Some parameters may be adjusted to improve security.

net.ipv4.icmp_echo_ignore_broadcasts=1

...which tells the kernel not to respond to broadcast ICMP ping requests, making your network less vulnerable to a type of denial-of-service attack known as a Smurf attack.

Here's another example:

net.ipv4.conf.all.rp_filter=1

That tells the kernel to enforce sanity checking, also called ingress filtering or egress filtering. The point is to drop a packet if the source and destination IP addresses in the IP header don't make sense when considered in light of the physical interface on which it arrived.

So, is there any documentation on all these parameters? Well, the command

# sysctl -a

will show you all their names and current values. It's a long list, but it gives you no clue what any of them actually do. So what else is there? As it turns out, O'Reilly has published a book, written by Olivier Daudel and called /proc et /sys. Oui, mes amis, it's in French, and we're not aware of an English translation.

Another useful reference is the Red Hat Enterprise Linux Reference Guide, which devotes an entire chapter to the subject. The definitive book about the Linux kernel is Understanding the Linux Kernel by Bovet and Cesati (O'Reilly), but be aware that this is mainly about kernel internals and is probably more of interest to wannabe kernel developers and computer science students rather than system administrators.

It's also possible to configure and build your own kernel.
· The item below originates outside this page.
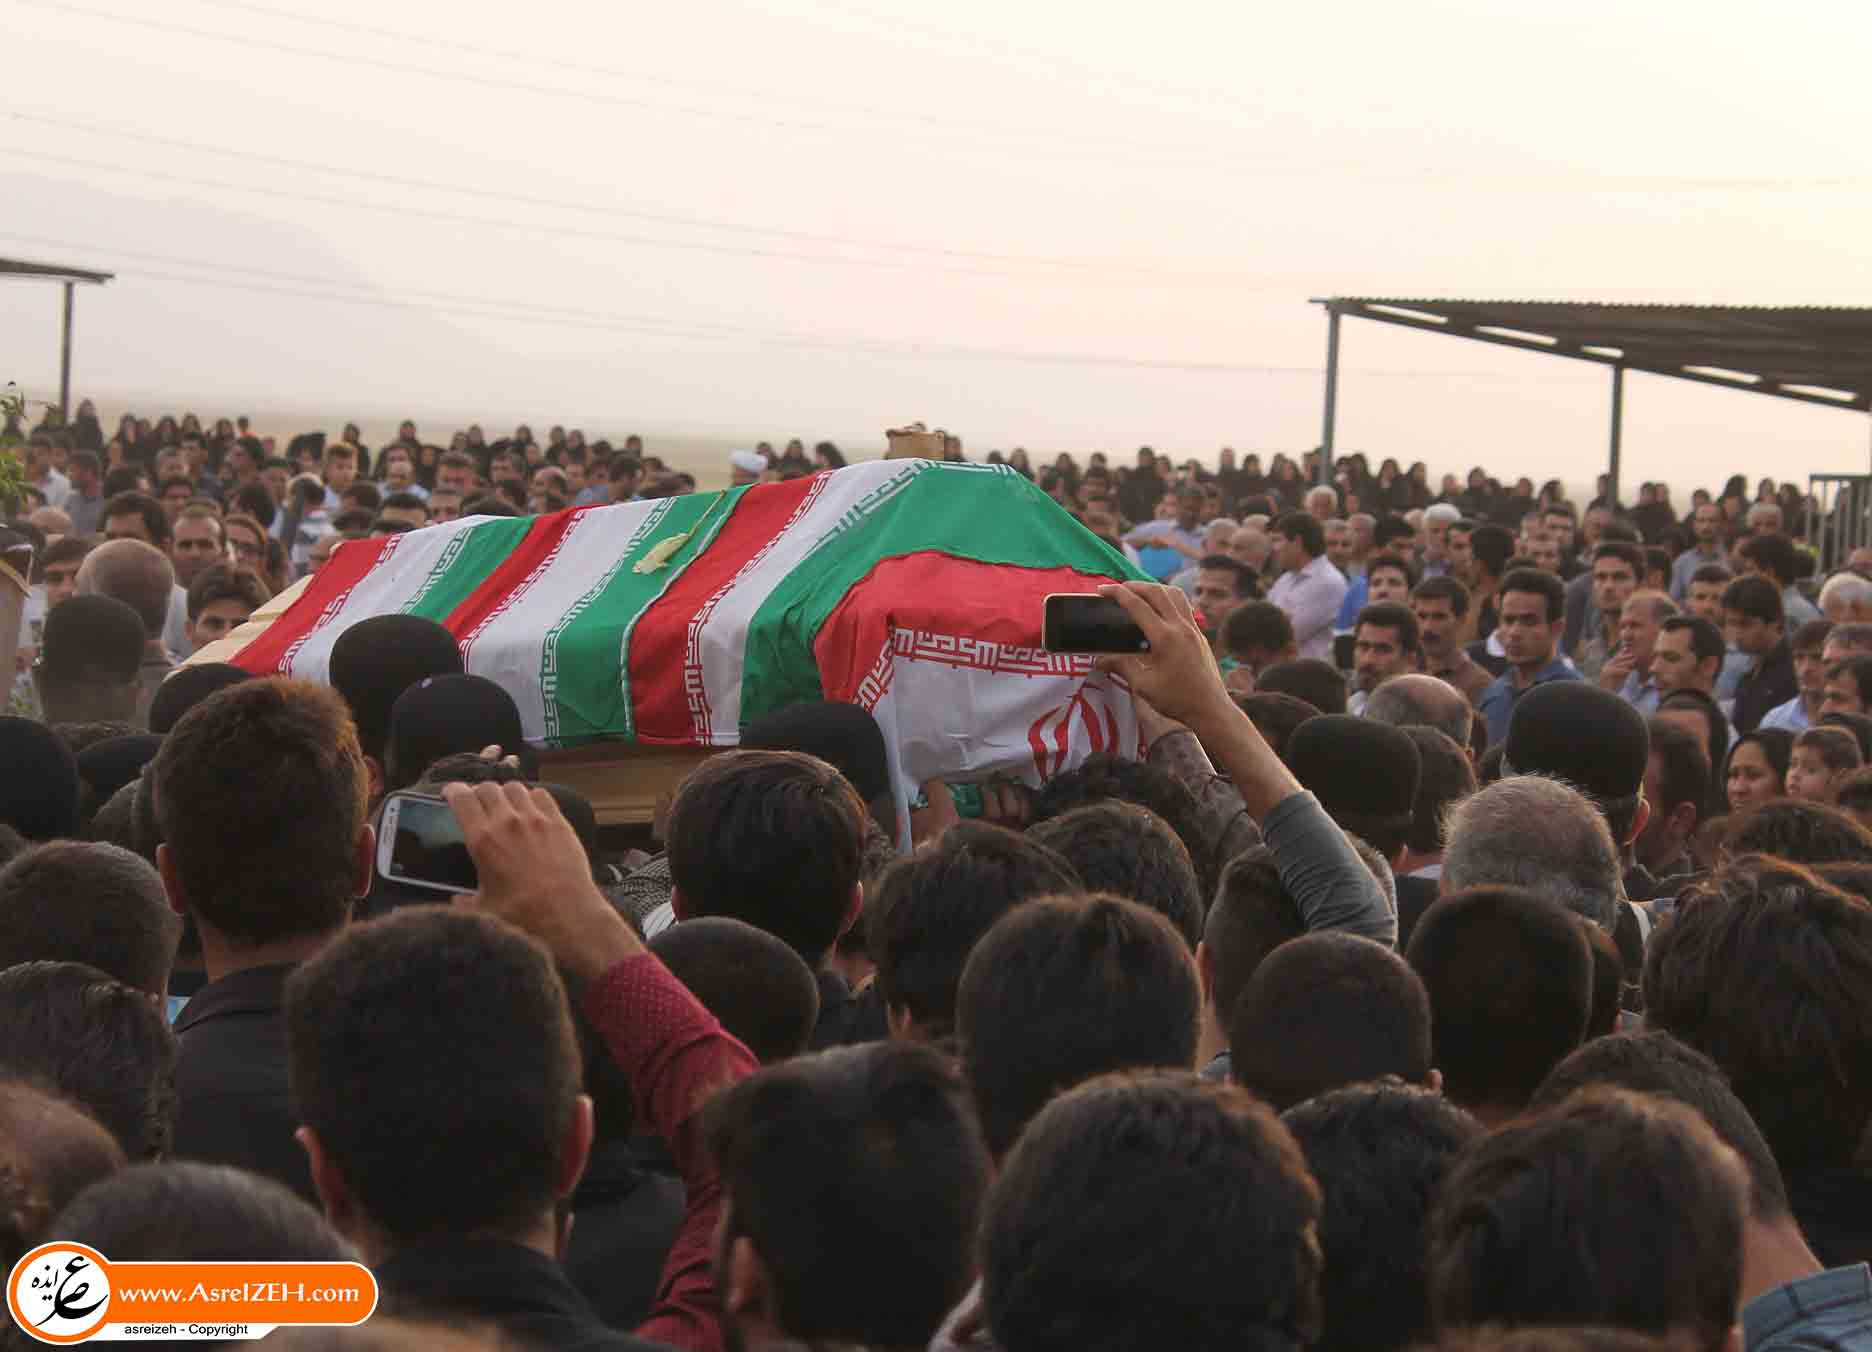 گزارش تصویری تشییع باشکوه پیکر شهرام محمدی

For this, you might try Greg Kroah-Hartman's Linux Kernel in a Nutshell, an O'Reilly title that makes a delightful but presumably unintended play on words. But, of course, you have to be nuts to make a kernel.
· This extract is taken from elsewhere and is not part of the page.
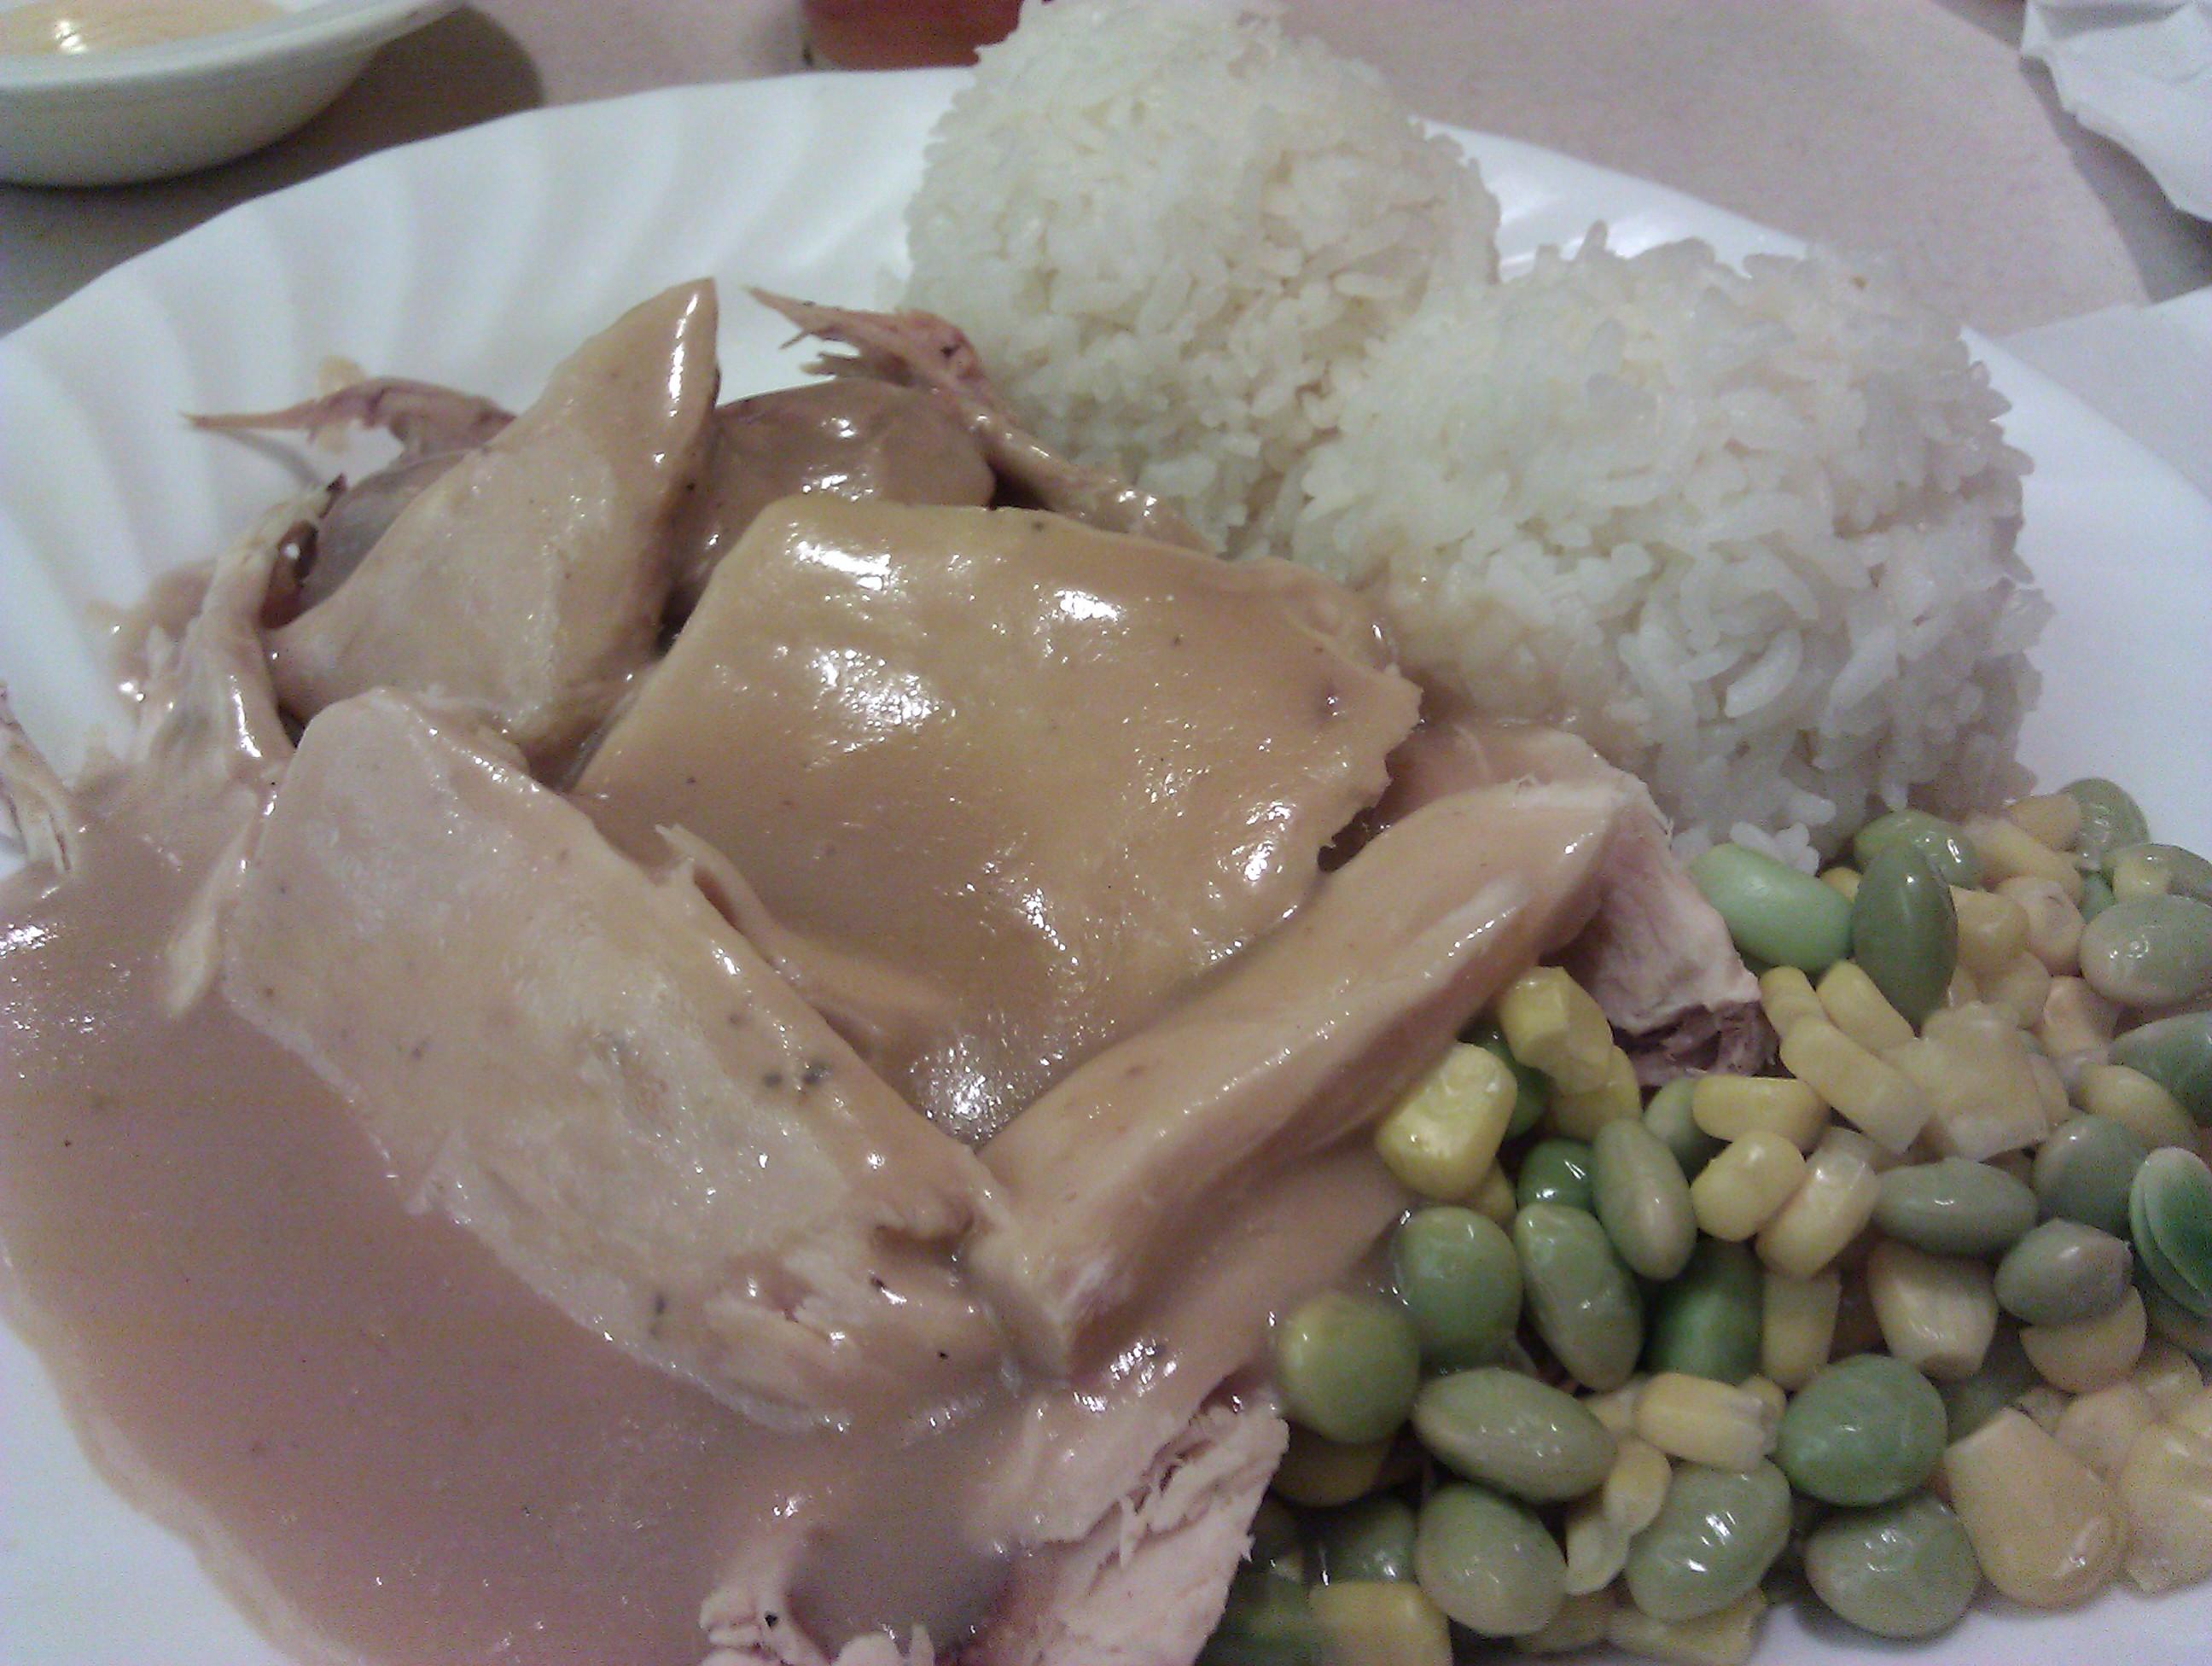 The ParkRat FoodPosse Visits Zippys Kahala for Dinner (@zippys)

Is performance tuning worth it?

My father's first car was a Wolseley 1500, registration 49 RNU, though how I come to remember such an obscure and ancient detail is beyond me. Anyway, he loved tinkering, and spent hours making minute adjustments to things like the ignition timing and mixture setting.

Occasionally he'd remove the spark plugs and adjust the gaps. While the plugs were out, he'd pour redex into the cylinders as part of some mysterious process of colonic irrigation. After this, the car would produce satisfyingly robust clouds of black smoke out the back as the redex burned off.

The trouble was that he had no objective way of measuring what improvements his efforts had made. He kept meticulous records of petrol purchases and mileages and calculated fuel consumption to several decimal places, and there was a specific hill he'd drive up in third gear to "see how it went", but it wasn't what you'd call scientific.

Many Linux system administrators find themselves in a similar position. They know there are all kinds of parameters they can tweak that might improve performance, but have little idea of what most of them do and no good way to measure performance. So, our advice is: unless you know what you're doing, and/or have a way to measure performance, leave these settings alone!